You can obviously even do this from the GUI (if you have proper permissions on the App) by using "Show Package Contents from the context menu and, double clicking info.plist.
This should fire up Property List editor, where you can edit the file and are less likely to screw it up. (It might be a cool idea to duplicate info.plist before)

Greetings, iSee
PS: I think this only works for Cocoa apps (that always come in bundles), like it seams to be a feature inherited from NextStep (note the NS in the property name)



[ Reply to This | # ]
Editing the file
Authored by: BMarsh on Apr 21, '01 04:23:01PM

This edit does indeed work, I have wClock running, but no longer in my dock (set to startup in the login panel in my system preferences)

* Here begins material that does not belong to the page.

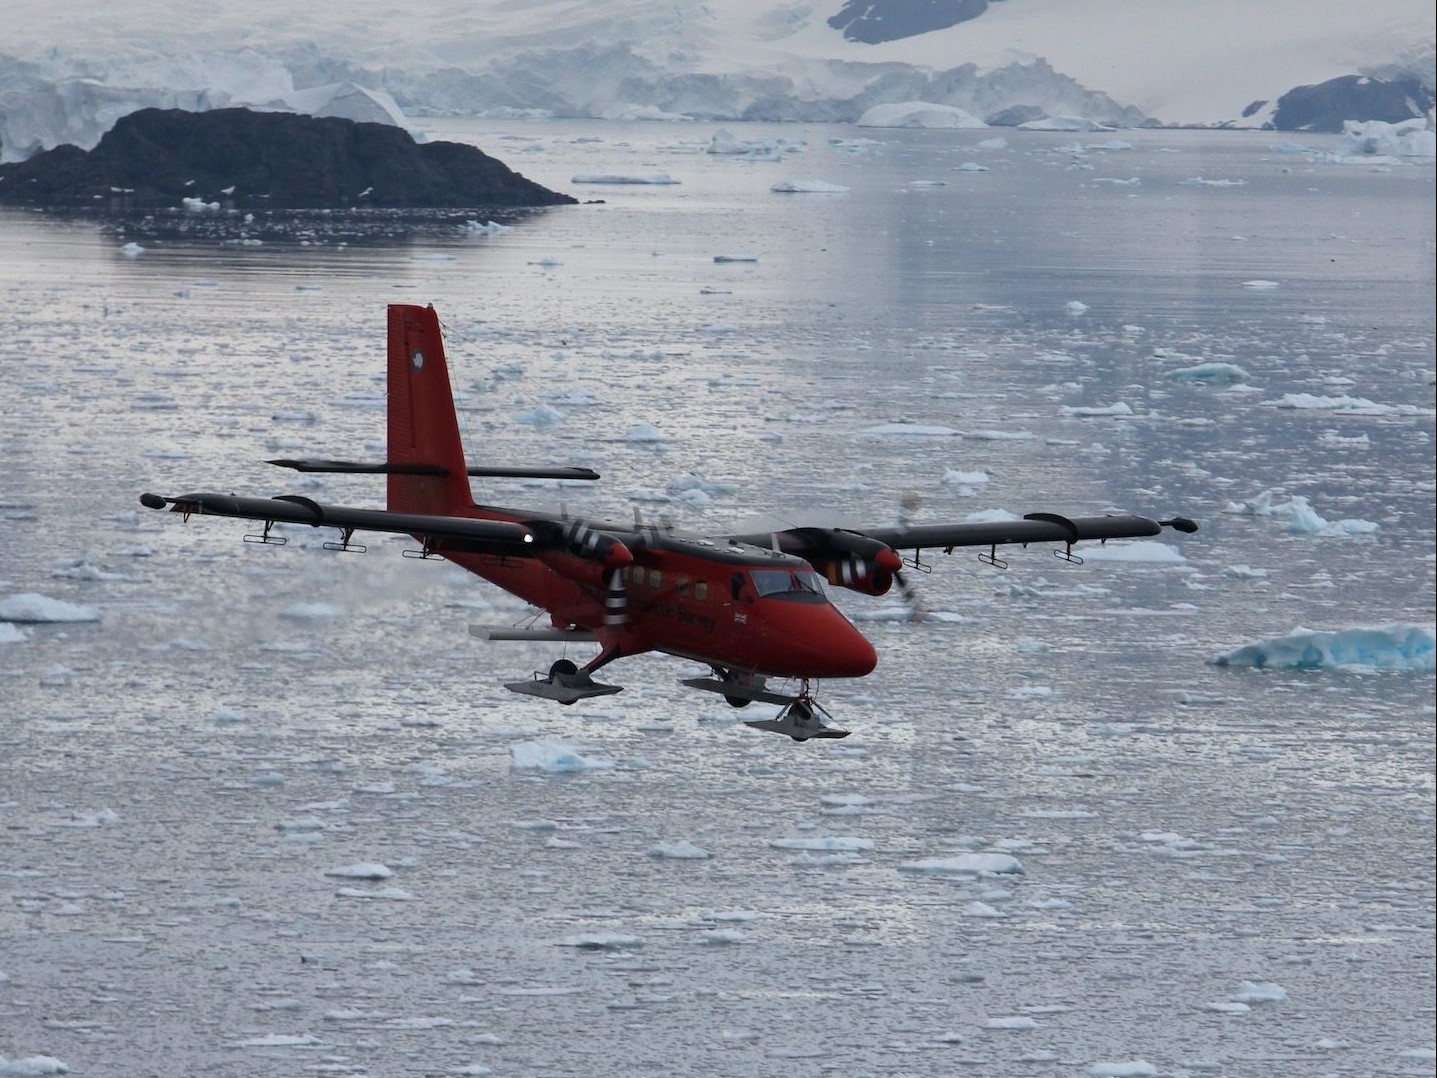 Twin Otter plane belonging to the British Antarctic Survey en route to Antarctica’s Thwaites Glacier. Credit Dave PorterLamont-Doherty Earth Observatory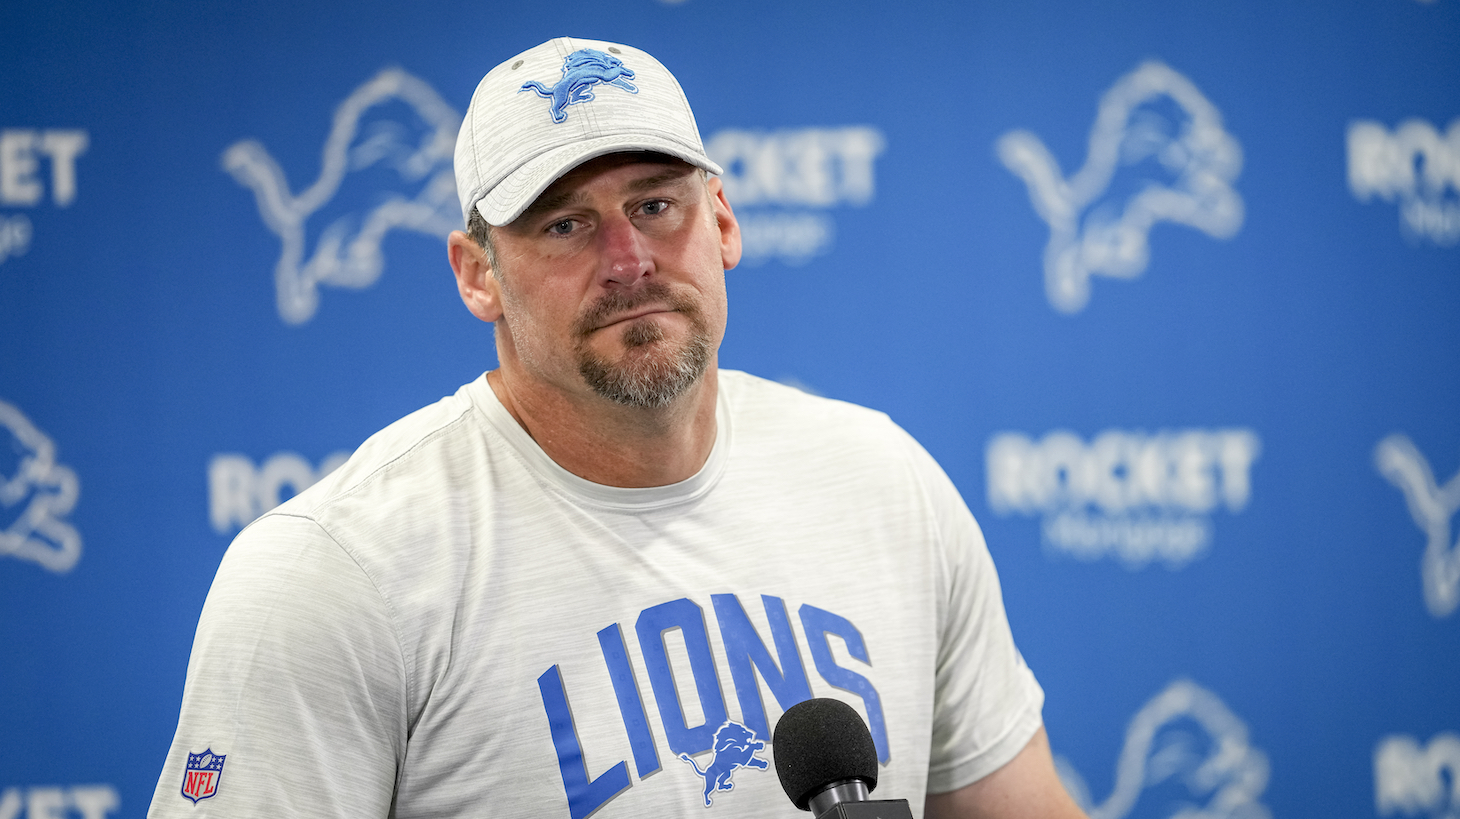 ALLEN PARK, MICHIGAN - JULY 27: Dan Campbell, head coach of the Detroit Lions during the Detroit Lions Training Camp on July 27, 2022 in Allen Park, Michigan. (Photo by Nic Antaya/Getty Images)

TextEdit has a straight text mode, and if you "show package contents" and navigate so you can see the mentioned file, then just drag the file onto the textedit program

(if you have devtools installed, may as well just use property list editor, otherwise textedit does it just fine)

it's always recommended to make a copy before editing things like this, just in case =)



[ Reply to This | # ]
A word of caution
Authored by: jwyner on Apr 22, '01 05:45:51PM

A great tip, but be careful: changing the plist puts the app permanently into the background, which means programs like stickies (this is of course purely hypothetical, I would never do something so stupid this afternoon at 1:15pm PST) can only have their windows moved -- keyboard strokes go to the foreground app. (This makes typing a new sticky note especially difficult)



[ Reply to This | # ]
A word of caution
Authored by: yan.nl on Oct 12, '02 05:07:58PM

To enable the Dock icon again replace the "1" for a "0" and save the file.

<key>NSBGOnly</key>
<string>0</string>



[ Reply to This | # ]
Another possibility:
Authored by: evands on Oct 14, '02 10:03:22PM
Check out this hint from a while back which performs the same function in a different way, with the added functionality of still being able to type in the application... doesn't seem to work for all apps, though.